A lookup file is required to run shhh.flows and it needs to be located either in the same folder as your data, next to your executable, or in the path you give this option. You can obtain the various lookup files that are compatible with mothur.
The maxiter option tells shhh.flows the maximum iterations to run if the delta value does not first drop below the mindelta value. The minimum number of iterations is 10. By default maxiter is set to 1000. If you set maxiter to 0, then the number of iterations do not matter and the mindelta criteria will be used. To change the value of maxiter, do so as follows:
mothur > shhh.flows(flow=GQY1XT001.A01.v35.flow, maxiter=1000)
The mindelta sets a threshold for determining how much change in the flowgram correction is allowed before saying that the job is done. By default this is set to 0.000001 (i.e. 10\^-6). We took this default value from Chris Quince. It can be changed as folllows:
mothur > shhh.flows(flow=GQY1XT001.A01.v35.flow, mindelta=0.000001)
The cutoff option is used in the initial clustering step to seed the expectation-maximizaton step. Quince suggests a default value of 0.01 and we have no reason to suggest otherwise:
mothur > shhh.flows(flow=GQY1XT001.A01.v35.flow, cutoff=0.01)

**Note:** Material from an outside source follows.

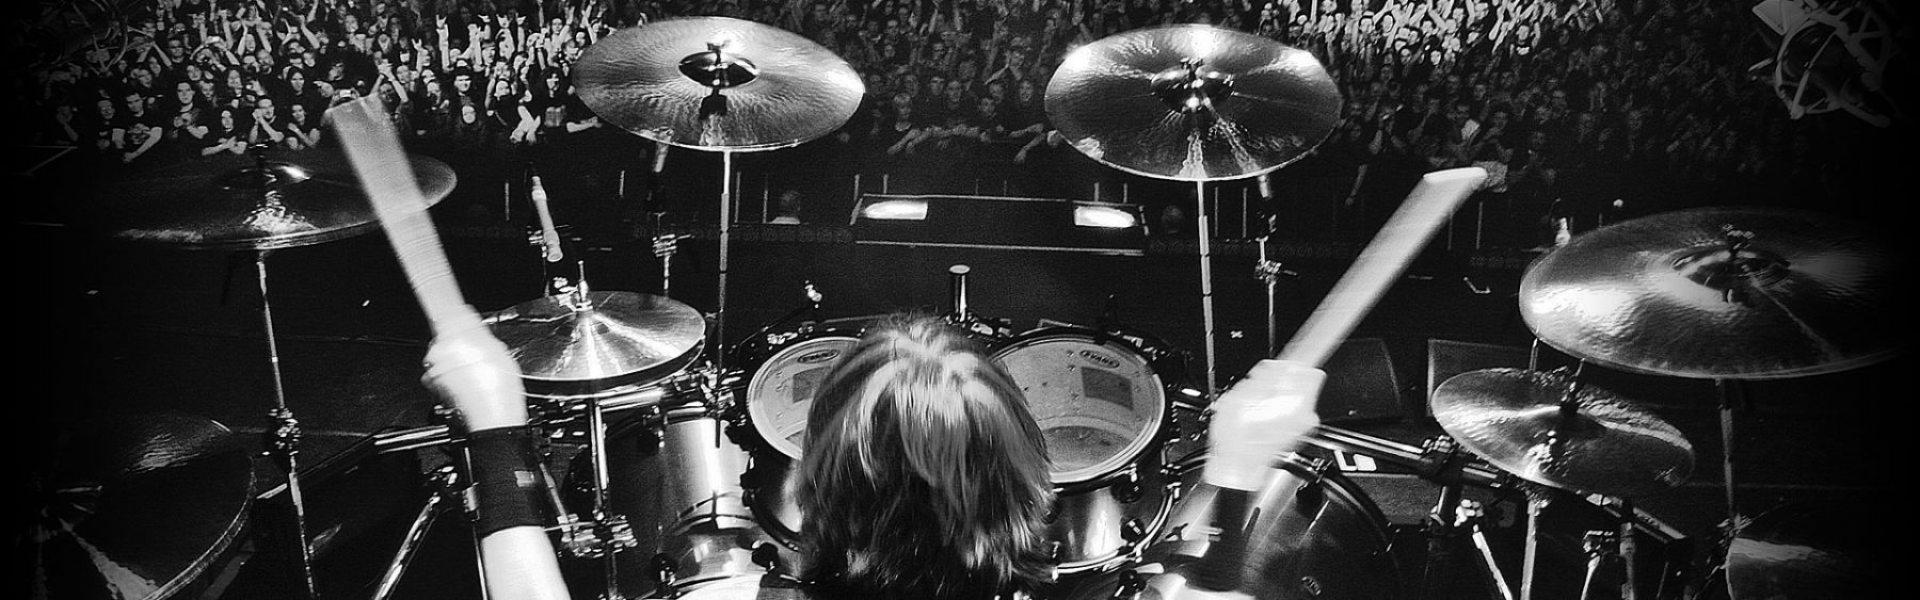 slider-drummers-view
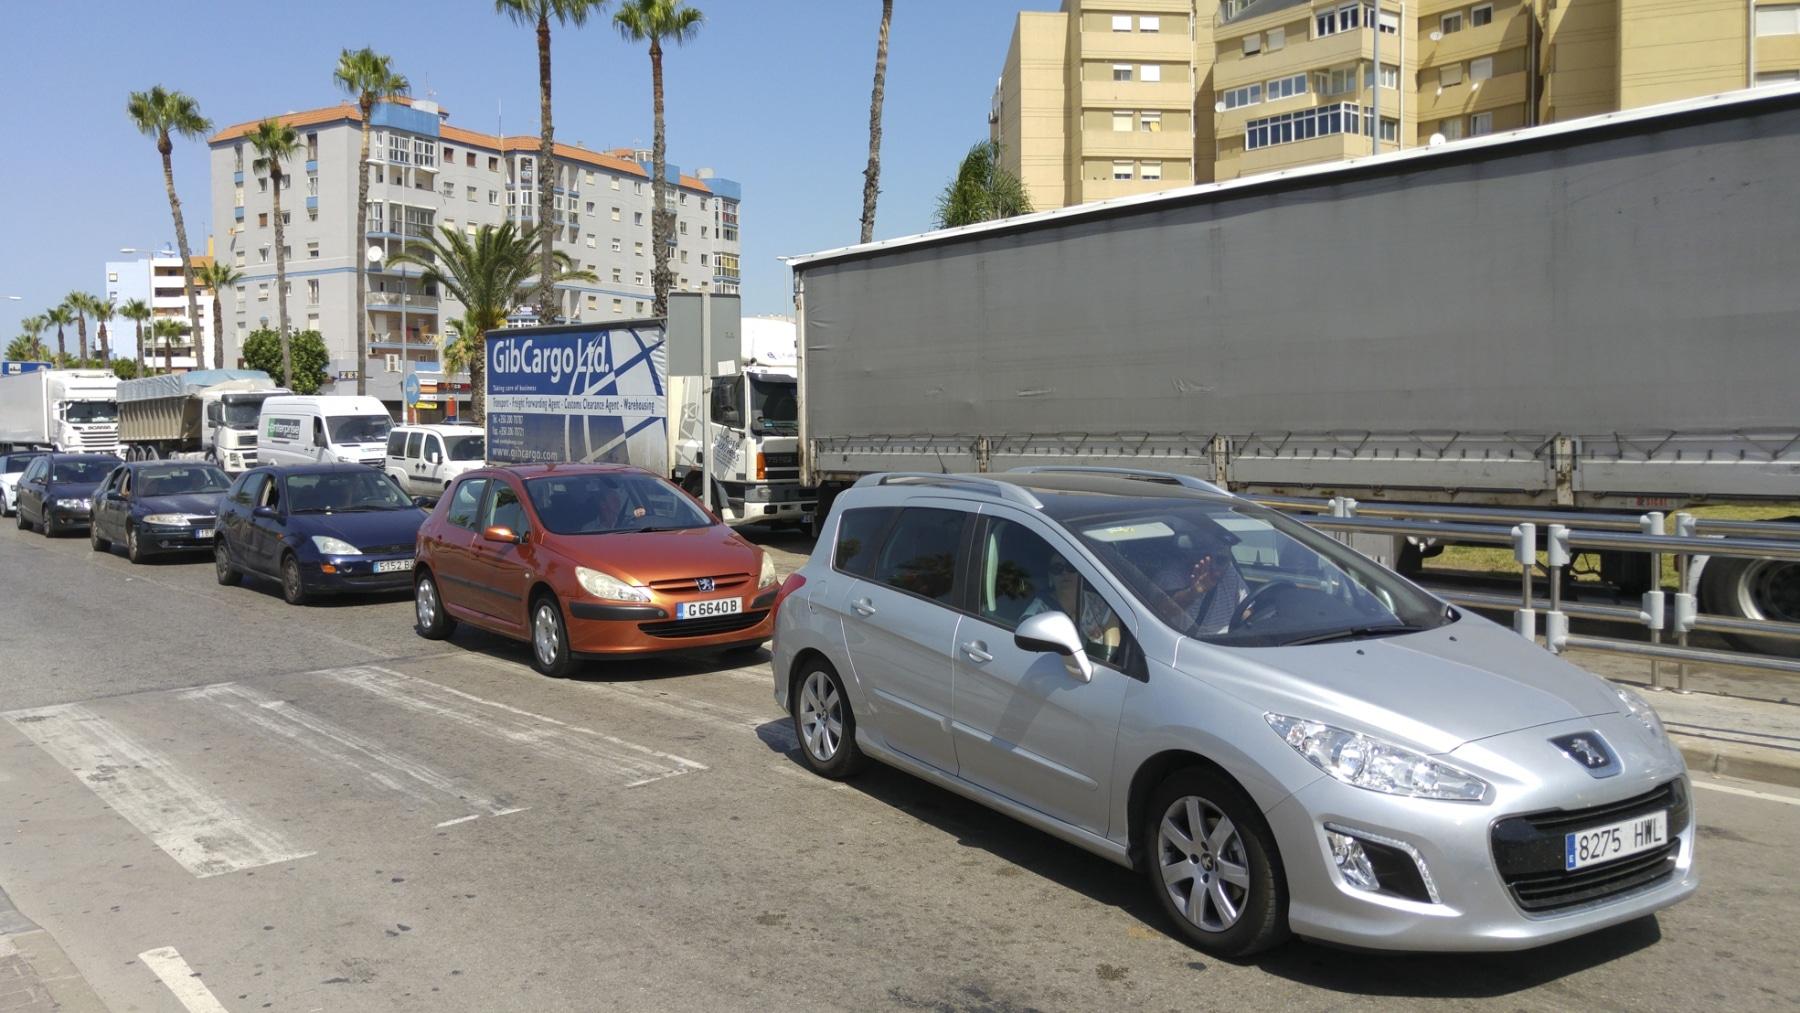 cola-entrada-a-gibraltar-28072015-23_19901700590_o

The sigma option is used to set the dispersion of the data in the expectation-maximization step of the algorithm. Quince suggests a default value of 0.06 and we have no reason to suggest otherwise:
mothur > shhh.flows(flow=GQY1XT001.A01.v35.flow, sigma=0.06)
The order parameter is used to select the flow order. Options are A, B and I. Default=A, meaning flow order of TACG.
mothur > trim.flows(fasta=GQY1XT001.flow, order=A)
The large parameter allows you to split your flow file and process the pieces separately.
mothur > shhh.flows(flow=GQY1XT001.flow, large=10000)
The next thing you will likely want to do is remove the barcode and primer sequences from each idealized fasta sequence and generate a group file like you would if you had just used the raw fasta data. You, of course, can do this with trim.seqs. For example, we might use the following command:
mothur > trim.seqs(fasta=GQY1XT001.shhh.fasta, name=GQY1XT001.shhh.names, oligos=GQY1XT001.oligos, pdiffs=2, bdiffs=1, flip=T, processors=8)
From this output you are ready to carry out the rest of your pipeline.
- First introduced - version 1.22.0.
- 1.25.0 - with outputdir didn’t put all of the files to the output directory
- 1.26.0 - added large parameter
- 1.30.0 - added flow order options A, B and I.